Even though our lip-synch generation is done in 3D, it is branched from the excellent work of Ezzat et al. [EGP02]. So, we first summarize the main features of [EGP02], and then present the novel elements introduced in the present work.

4.1. Trainable Speech Animation Revisited

Ezzat et al. [EGP02] proposed an image-based videorealistic speech animation technique based on machine learning. They introduced the MMM, which synthesizes facial expressions from a set of 46 prototype images and another set of 46 prototype optical flows. The weights (α,β)=(α1, . . . ,α46, β1, . . . ,β46) of these 92 elements are regarded as the coordinates of a point in MMM-space. When a point is given in MMM-space, the facial expression is synthesized by first calculating the image-space warp with the weights (α1, . . . ,α46), then applying the warp to 46 prototype images, and finally generating the linear combination of the warped images according to (β1, . . . ,β46).
With the MMM, the task of generating a lip-synch is reduced to finding a trajectory y(t)=(α(t),β(t)) which is defined over time t. For a given phoneme sequence, [EGP02] finds y(t) that minimizes the following objective function
$\begin{matrix} E = \underset{\underset{target term}{}}{{(y (t) - μ)}^{T} D^{T} V^{- 1} D (y (t) - μ)} + λ \underset{\underset{smoothness term}{}}{y {(t)}^{T} W^{T} Wy (t)}, & (1) \end{matrix}$
where D is the phoneme length weighting matrix, which emphasizes phonemes with shorter durations so that the objective function is not heavily skewed by longer phonemes. In the above equation, μ represents the viseme (the most representative static pose) of the currently considered phoneme. For visual simplicity, Equation 1 uses μ, D, and Σ without any subscript. In fact, they represent the (discretely) varying quantities for the phonemes uttered during Ω. If φ¹, . . . , φ^Lare the phonemes uttered, and if Ω¹, . . . ,Ω^Lare the durations of those phonemes, respectively, then the detailed version of Equation 1 can be written as E=Σ_i=1 ^L[y(t)−μⁱ)^TD^iT(Vⁱ)⁻¹Dⁱ(y(t)−μ^l)]+λy(t)^TW^TWy(t), where μ, Dⁱ, and Vⁱrepresent the mean, phoneme length weighting matrix, and variance taken over Ωⁱ, respectively.
For a phoneme, μ is obtained by first taking the mean of (α,β) over the phoneme duration, and then taking the average of those means for all occurrences of the phoneme in the corpus. V is the 46×46 (diagonal) variance matrix for each weight. Thus, if the smoothness term had not been included in the objective function, the minimization would have produced a sequence of static poses, each lasting for the duration of the corresponding phoneme. The co-articulation effect is produced by the smoothness term; The matrix W is constructed so that y(t)^TW^TWy(t) penalizes sudden fluctuations in y(t), and the influence of this smoothness term is amplified when there is more uncertainty (i.e., when Σ is large). As pointed out by Ezzat et al. [EGP02], the above method tends to create under-atriculated results because using a flat mean μ during the phoneme duration tends to average out the mouth movement. To alleviate this problem, they additionally proposed the use of gradient descent learning that refines the statistical model by iteratively minimizing the difference between the synthetic trajectories and real trajectories. However, this postprocessing can be applied only to a limited portion of the corpus (i.e, the part covered by the real data).

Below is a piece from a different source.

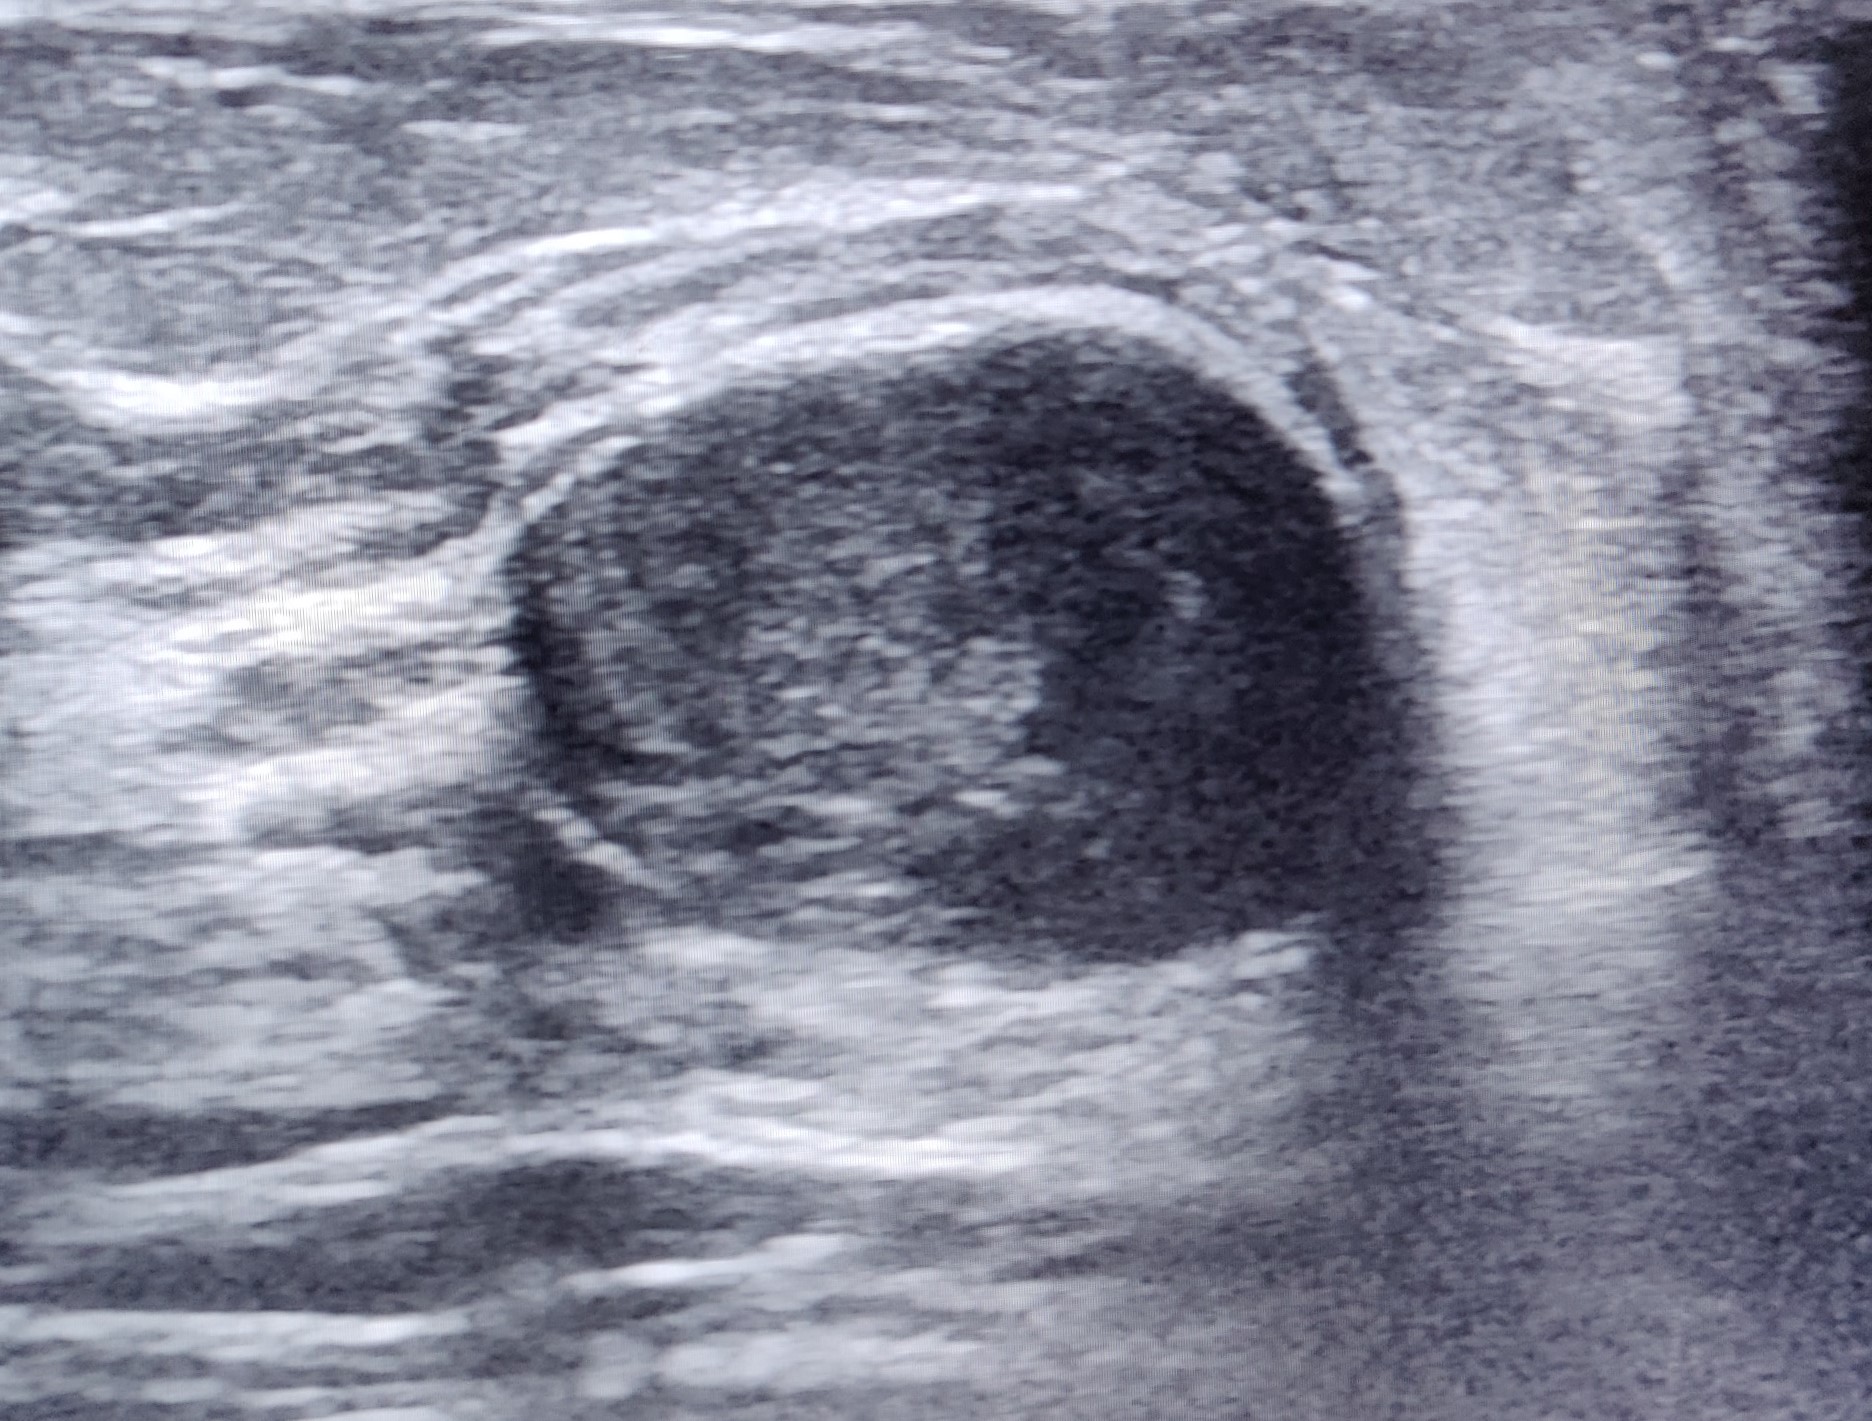 Ultrasound image showing round echoic cyst suggestive of inspissated galactocele

4.2. Animeme-Based Synthesis

Our current work was motivated by the belief that by abstracting all the occurrences of a phoneme in the corpus into a flat mean μ and a variance Σ, the method of Ezzat et al. [EGP02] underutilizes the given corpus utterances. We hypothesized that the above method could be improved by increasing the data utilization. One way to increase the utilization is to account for the variations in α and β over time. Since the conventional viseme model cannot represent such variations, we use a new model called the animeme to represent a phoneme. In contrast to a viseme which is the static visualization of a phoneme, an animeme is the dynamic animation of a phoneme.
Now, we describe how we utilize the time-varying part of the corpus utterance data for lip-synch generation. The basic idea is, in finding y(t) with the objective function shown in Equation 1, to take the instantaneous mean μ_tand the instantaneous variance Σ_tat time t. Hence, the new objective function we propose is
E ^l=(y(t)−μ_t)^T D ^T V _t ⁻¹ D(y(t)−μ_t)+λy(t)^T W ^T Wy(t). (2)
Through this new regularization process, the time-varying parts of the corpus utterances are reflected in the synthesized results. A problem in using Equation 2 is that utterances corresponding to the same phoneme can have different durations. A simple x, which we use in the present work, is to normalize the durations to [0,1]. Careless normalization can produce distortion. To minimize this, when capturing the corpus utterances, we asked the subject to utter all words and sentences at a uniform speed. We note that the maximum standard deviation we observed for any set of utterances corresponding to the same phoneme was 9.4% of the mean duration. Thus, any distortion arising from the normalization would not be severe.
After the temporal normalization, we fit the resulting trajectory with a fifth degree of polynomial, meaning that the trajectory is abstracted into six coefficients. With the above simplifications, we can now straightforwardly calculate μ_tand Σ_t.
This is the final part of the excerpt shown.